Extracting Email Domains to Identify Company Accounts
You have a list of 10,000 users. Each row has a name and an email address. Your boss asks: "Which companies have the most accounts?" There's no company column. There never is.
But the information is right there, hiding after the @ symbol.
sarah@techwave.io works at TechWave.
mike@dataflow.com works at Dataflow.
jenny@gmail.com is using a personal account.
You just need to extract it. Here's how to do that in ExploreMyData without writing any code, and what's happening under the hood.
The starting data
Imagine a CSV exported from your signup database. It looks something like this:
| name | signup_date | |
|---|---|---|
| Sarah Chen | sarah.chen@techwave.io | 2026-01-15 |
| Mike Rivera | mrivera@Dataflow.com | 2026-01-18 |
| Jenny Park | jenny.park@gmail.com | 2026-02-03 |
| Alex Novak | ANovak@TechWave.IO | 2026-02-11 |
| Priya Sharma | priya@dataflow.com | 2026-02-14 |
Notice the problem right away: Alex's email is ANovak@TechWave.IO while
Sarah's is sarah.chen@techwave.io. Same company, different casing. We'll
need to handle that.
Step 1: Extract the domain
Open the toolbar and select Extract Text from the Transform group. Choose the
email column, set the method to "after delimiter", and type
@ as the delimiter. Name the new column
domain.
Under the hood, ExploreMyData generates:
SPLIT_PART(email, '@', 2) AS domain
This grabs everything after the @. Your table now has a new
domain column with values like
techwave.io,
Dataflow.com, and
TechWave.IO.
After Extract Text (after delimiter "@") - new domain column added with everything after the @ symbol:
| name | domain (new) | |
|---|---|---|
| Sarah Chen | sarah.chen@techwave.io | techwave.io |
| Mike Rivera | mrivera@Dataflow.com | Dataflow.com |
| Jenny Park | jenny.park@gmail.com | gmail.com |
| Alex Novak | ANovak@TechWave.IO | TechWave.IO |
"techwave.io" and "TechWave.IO" are still different values - lowercase transform is needed next.
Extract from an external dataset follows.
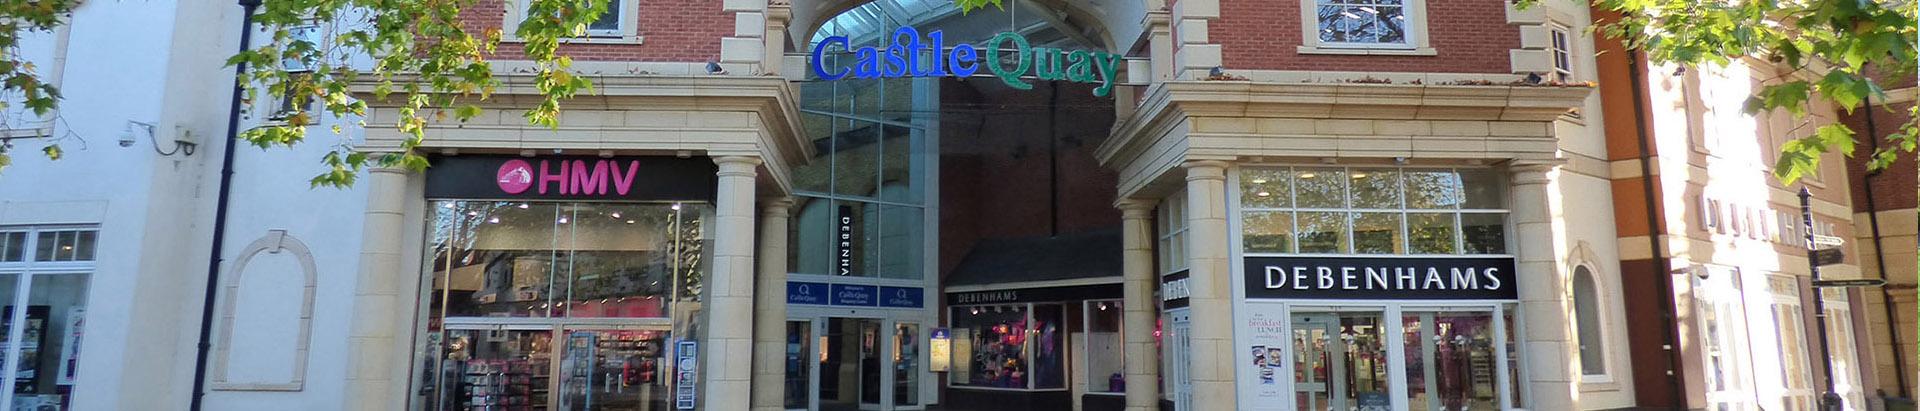 shoppingcentre
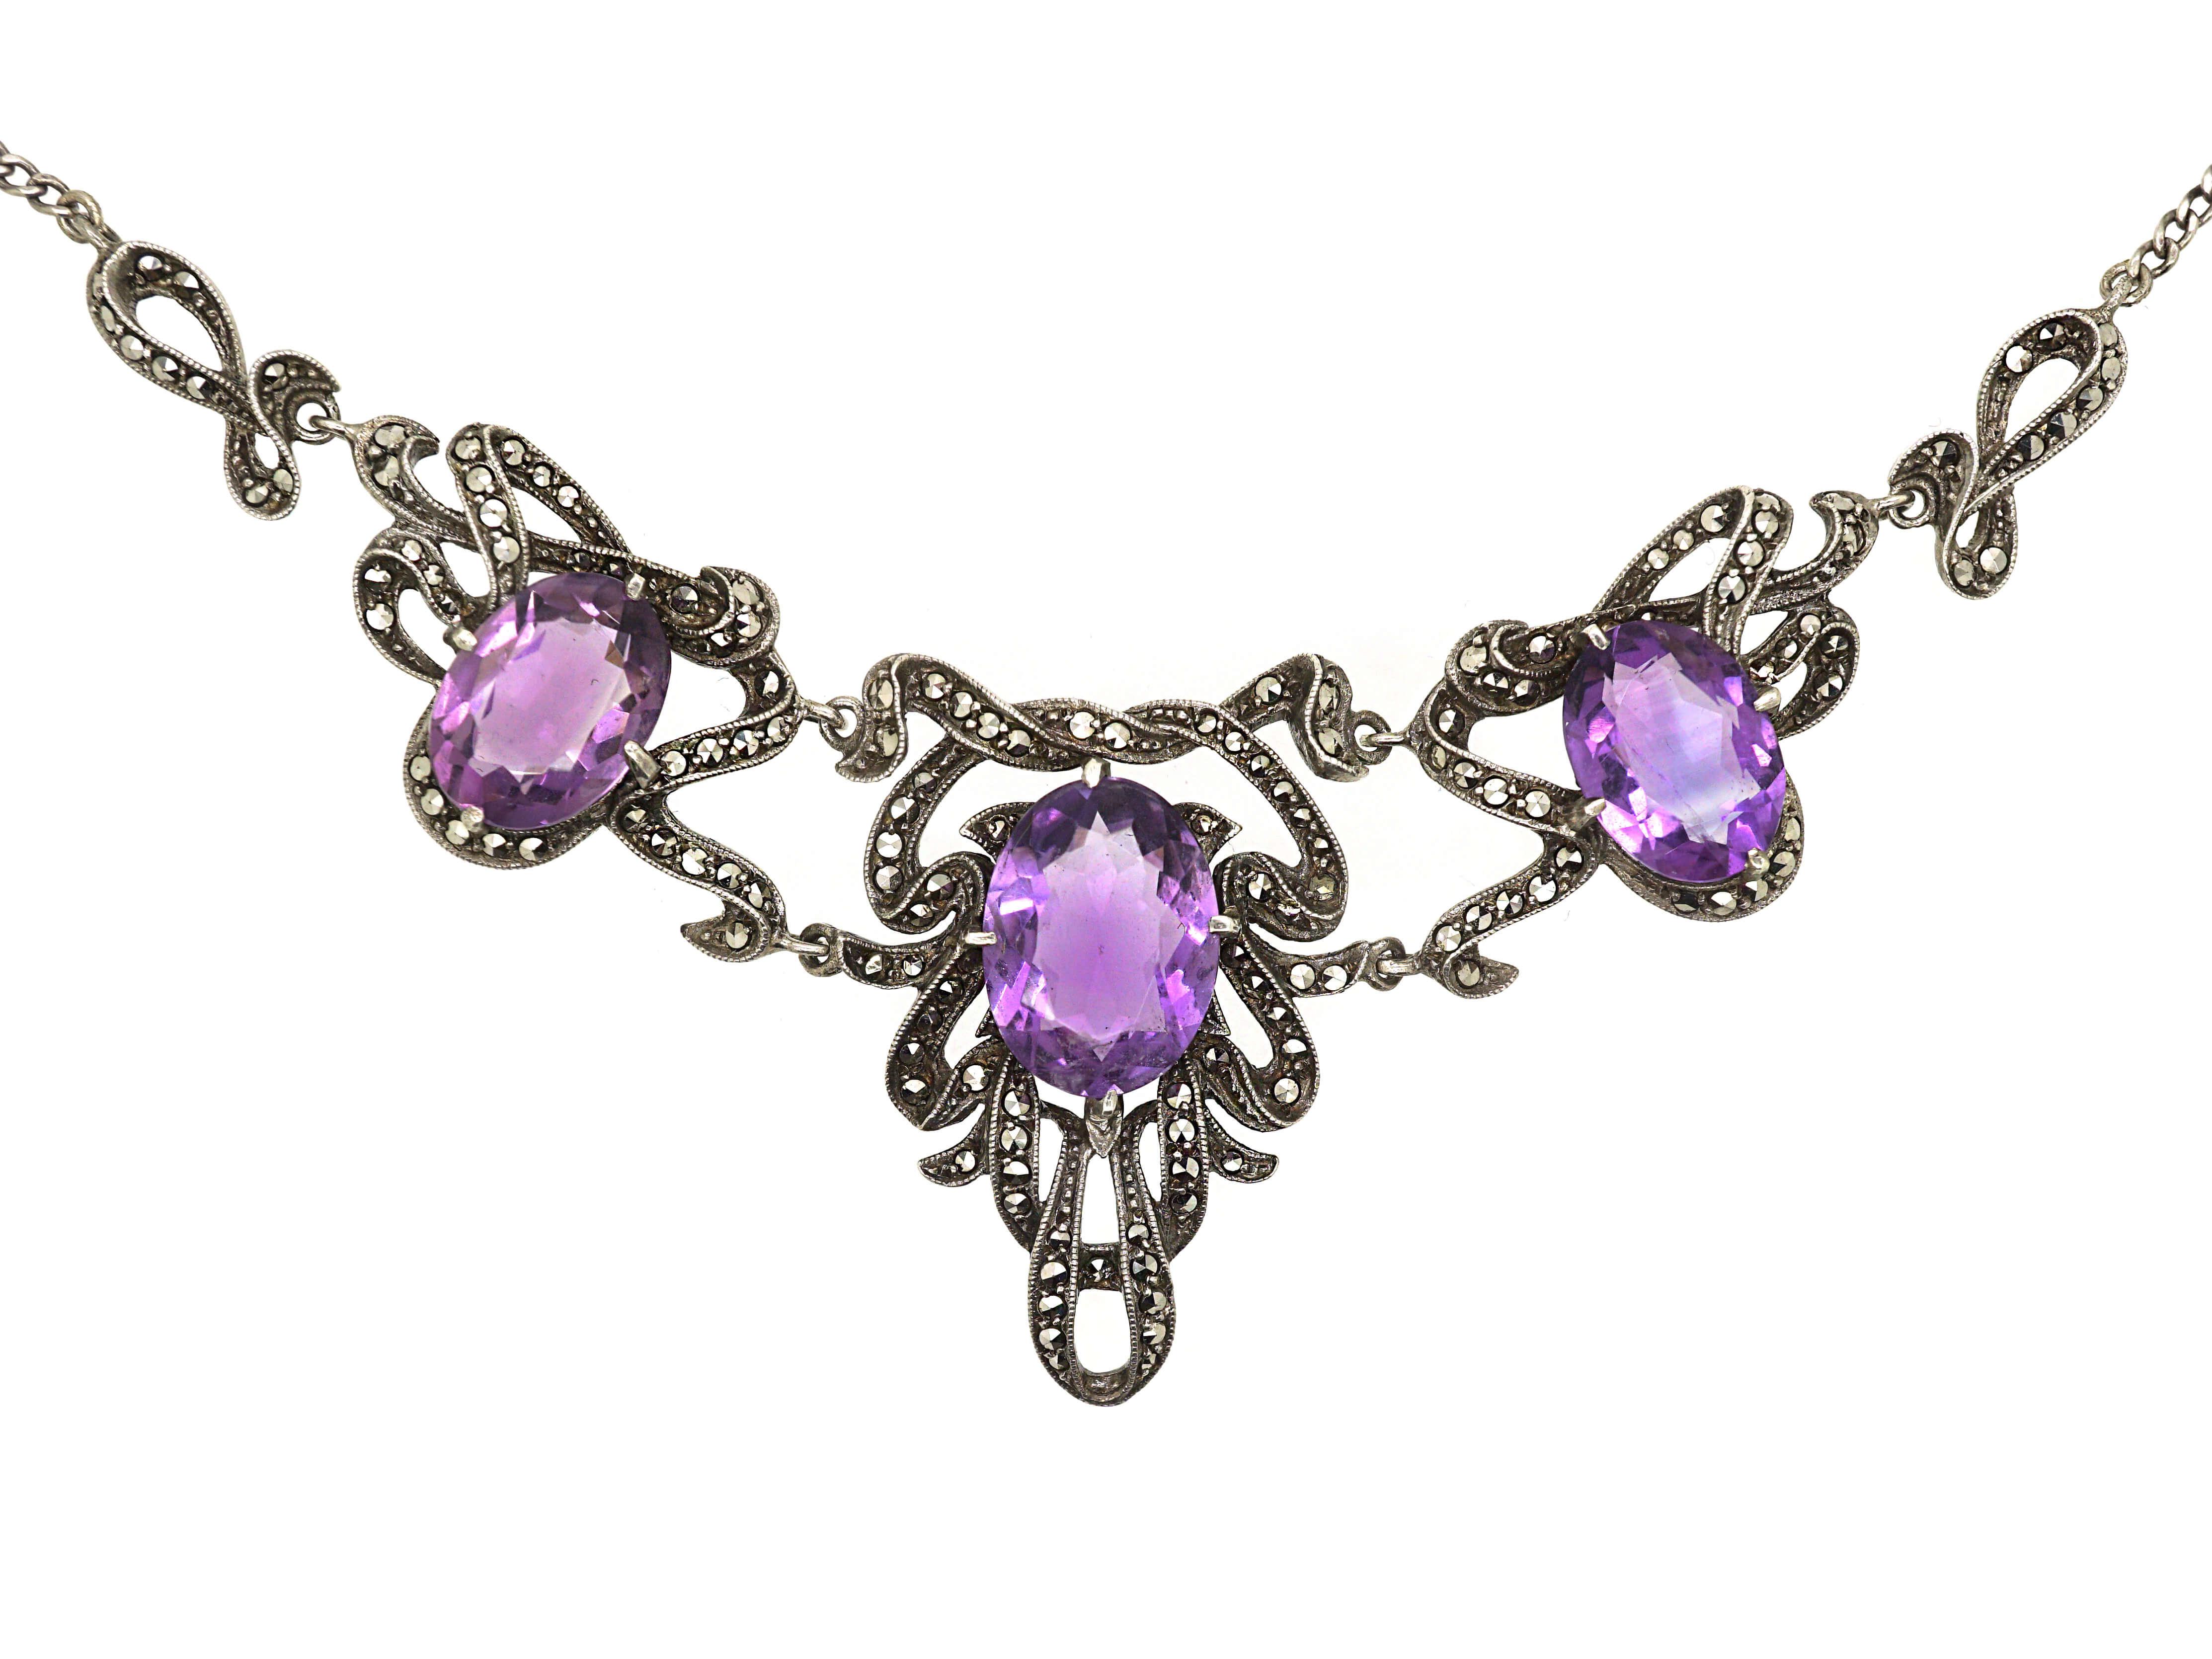 Art Deco Silver, Amethyst & Marcasite Ribbon Design Necklace

Step 2: Normalize the casing
The extracted domains have inconsistent casing. TechWave.IO and
techwave.io need to be the same value, otherwise they'll
show up as separate groups.
Select Text Transform from the Transform group. Choose the
domain column and pick "lowercase".
The SQL:
LOWER(domain)
Now every domain is lowercase. techwave.io,
dataflow.com,
gmail.com. Clean and consistent.
Step 3: See the distribution
Now for the payoff. Click on the domain column header to open
Column Explorer. Since domain is a text column, ExploreMyData shows a
categorical breakdown: the most frequent values, their counts, and their percentage of the total.
You can immediately see that techwave.io has 847 users,
dataflow.com has 312,
and gmail.com has 2,341. That last number tells you
something important: most of your users are on personal accounts, not company ones.
Column Explorer breakdown of the lowercased domain column - top domains by user count:
| domain | count | % of total | type |
|---|---|---|---|
| gmail.com | 2,341 | 23.4% | personal |
| outlook.com | 1,102 | 11.0% | personal |
| techwave.io | 847 | 8.5% | company |
| dataflow.com | 312 | 3.1% | company |
| yahoo.com | 289 | 2.9% | personal |
Over a third of users are on personal email domains - valuable signal for segmenting your user base.
What you can do with this
Once you have a clean domain column, the analysis possibilities open up:
- Filter out personal email domains (gmail.com, yahoo.com, hotmail.com, outlook.com) to focus only on business accounts.
- Group by domain to find your biggest company customers by user count.
- Combine with signup date to see when companies started adopting your product - did TechWave sign up all at once, or trickle in over months?
- Export the enriched data with the new domain column included for use in your CRM or reporting tool.
Two steps, no regex
The whole operation is two pipeline steps: extract and lowercase. You didn't write a regex. You didn't open a terminal. You didn't paste anything into a spreadsheet formula bar. The SQL is there in the pipeline if you want to see it, copy it, or modify it - but you didn't have to write it.
Two-step pipeline - each step produces visible SQL and a live result:
| Step | Operation | Generated SQL |
|---|---|---|
| 1 | Extract Text (after @) | SPLIT_PART(email, '@', 2) AS domain |
| 2 | Text Transform: lowercase | LOWER(domain) |
No regex written. No terminal opened. The SQL is there to inspect or copy for an ETL pipeline.